CHEIRO DE MATO
Quem não experimentou o cenário indescritível de uma estrada deserta, no meio de uma mata serrada, depois de uma chuva, onde apenas uma pessoa passa, andando à pé sobre uma trilha verde, pisando no chão úmido, quando a areia ainda está meio amarelada pelo contraste entre a sua cor natural e as gotículas de água que se misturam com o seus grãos, tornando uma massa compacta assinalando as pegadas do calçado daquele único ser que naquele momento tem o privilégio de ouvir um barulho infinitamente oposto àquele que se vê no meio urbano. É ali naquele cenário simples que se vê as flores pingando aquelas águas que há pouco molhou seu caule, onde se observa os pássaros nas mais diversas espécies, dando vôos rasantes sobre a relva molhada em busca de insetos, onde os grilos entoam cânticos estridentes e tão agudos que penetram com intensidade em nosso senso auditivo, onde o sapo chia seus acordes graves e tão intensos que se misturam numa sinfonia pluralista e em atos contínuos na imensidão da mata, onde logo se depara com uma pegada recente na estrada de um bicho indefinido que por ali passou de um extremo a outro à procura da sua presa, onde se vê lindas árvores que crescem no sentido vertical à procura dos raios de sol como se fossem gigantes eretos que buscam alcançar as nuvens, onde se constata a existência de frutos silvestres que formam um chamariz de maritacas, sanhaços, bem-te-vis, pombas, papagaios, araras, etc. onde todas aquelas folhas balançam com o vento e teimam e recepcionar esse solitário andarilho com gotículas geladas em sua cabeça e em todo seu corpo.
E aquele cheiro, então! Algo inigualável; aquele homem pensou num instante em amortecer sua jornada, reduzindo seus passos e num gesto natural tateia uma folha larga com seu verde-oliva estonteante e que tem uma silhueta comprida mas que em razão da sua extensão sede ante o seu peso e tenta se segurar no próprio chão. A contemplação daquela folha é como se fosse a constatação da vida, pois a folha briga com o seu próprio peso para manter-se firme na sua posição e na sua condição de unidade na sua estrutura rudimentar - o galho.
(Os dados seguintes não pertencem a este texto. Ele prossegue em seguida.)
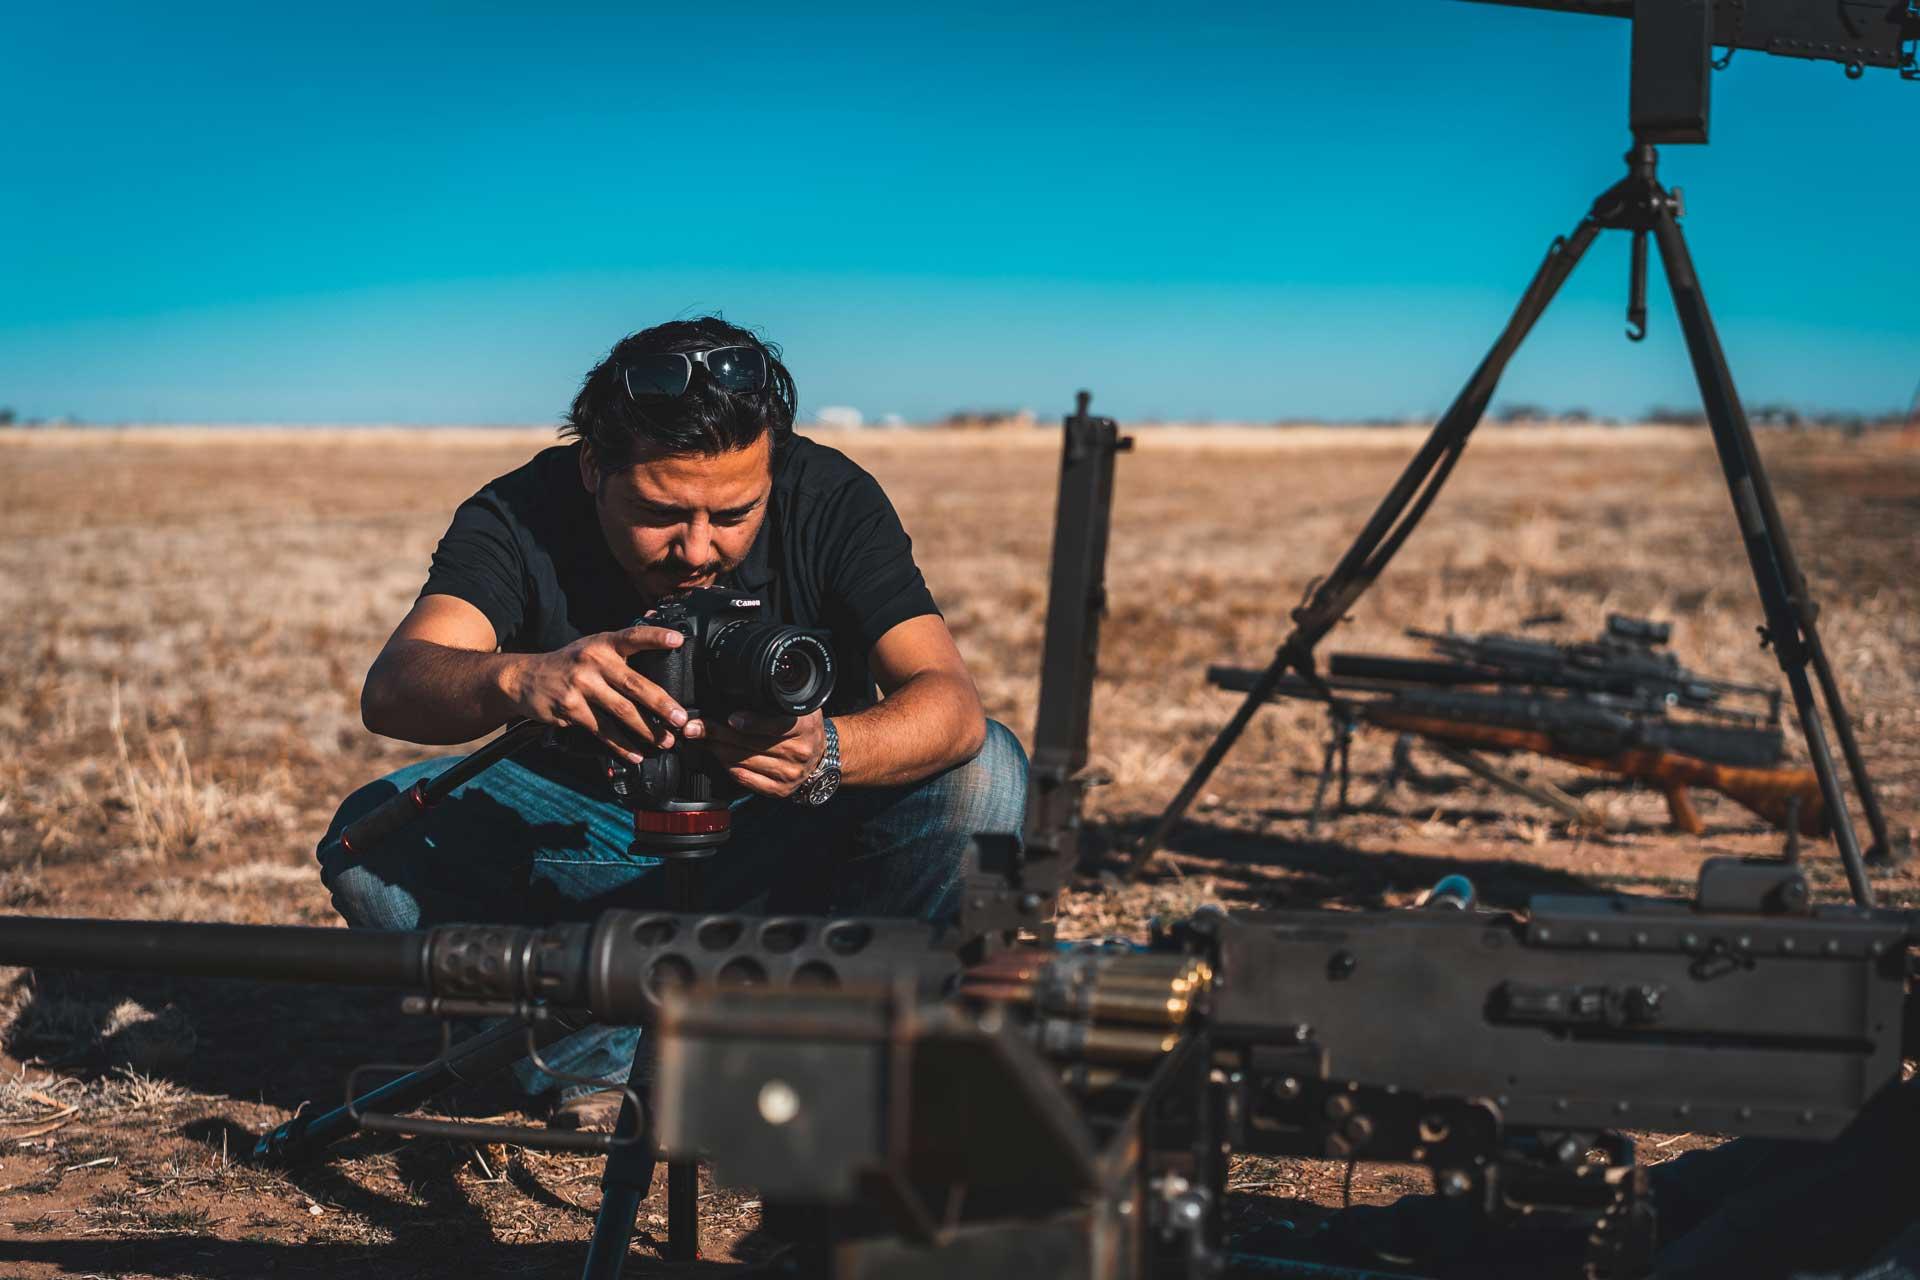 creative_cannon_video_shoot-4

Refeito dessa observação momentânea aquele homem dá um suspiro demorado, como se quisesse filtrar aquele momento na sua mente e fazer dele uma lembrança perene, que poderia ser lembrada constantemente quando estivesse na sua selva de pedra. Ao fazer esse gesto sentiu o cheiro do mato penetrando no fundo de sua alma. Era algo inusitado e infinitamente humano que o fazia estremecer, pois não era um cheiro comum, era uma convulsão de vento que entrava nas suas narina fazendo-o arrepiar ante a mistura de um odor indescritível, daqueles que mistura cheiro de areia molhada com o cheiro múltiplo das diversas espécies de plantas naturais, rendendo um raríssimo respirar de origem saudável que não está disponível para qualquer pessoa que não esteja presente num cenário dessa grandeza.
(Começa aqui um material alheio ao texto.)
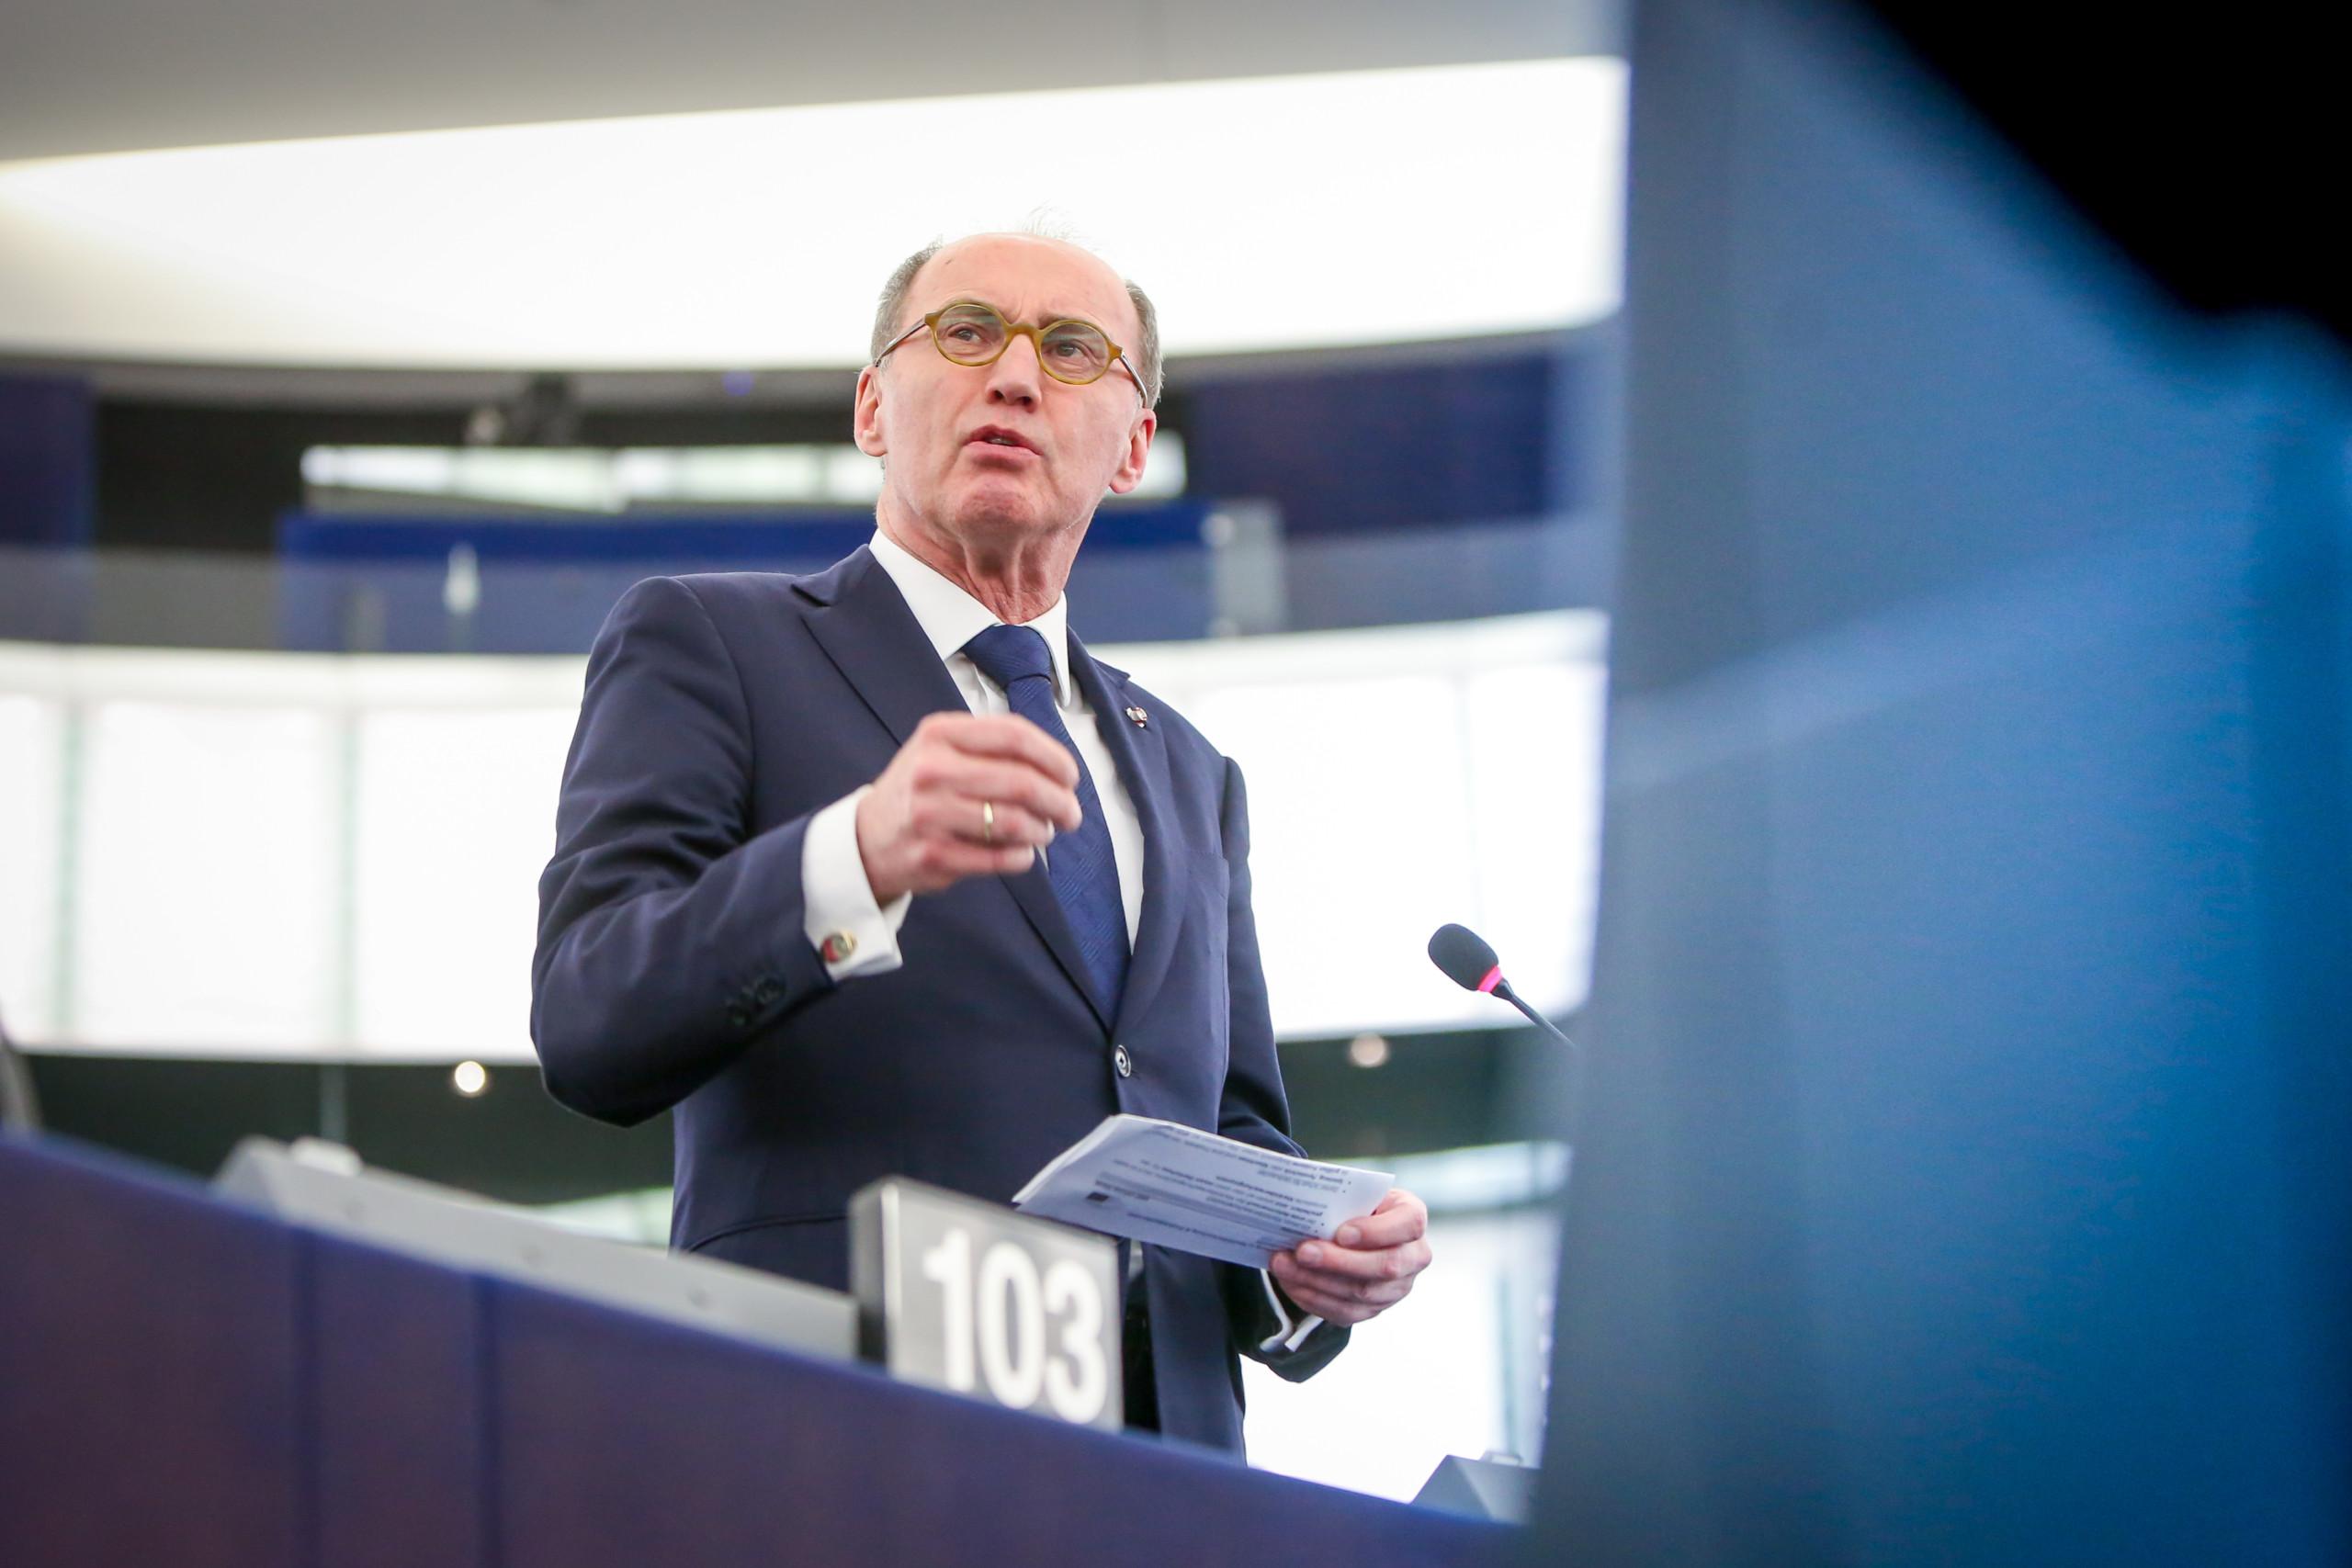 Joint debate - Horizon Europe

De repente, lá no alto, sob a árvore mais distante escondia-se um pássaro misterioso que poucos já ouviram ou sentiram sua sinfonia. O andarilho solitário começava a ouvir o som inebriante do “Vira-Campana” - um pássaro nativo das matas tropicais – com o seu silvo esplendoroso que marchava com o vento por muitos quilômetros como se quisesse mandar uma mensagem à todos, como uma despedida dos seres que ainda permaneceriam freqüentando nosso Universo, pois ele – O “Vira-Campana” - estava se indo pelas mãos de pessoas inescrupulosas que pensavam apenas no vil metal e não na grandeza de sua melodia que ecoava pelas matas até chegar aos ouvidos de um homem saudoso. Era o seu último cantar e o foi aquele homem solitário que o escutou pela última vez.
Já cansado daquela intrépida jornada, abrilhantada pelo brilho da mãe natureza, o homem alcançou o final da trilha, tentando a sensação que saiu de um túnel do tempo, amparado por um sonho único que o fez voltar ao passado, mas que ressoava indelével na memória como se fosse um alento para enfrentar sua realidade atual, pois essa sensação só pode ser sentida por quem um dia pode vivenciá-la pessoalmente. já que se trata de uma emoção personalíssima que não pode ser simulada e nem repassada por literatura.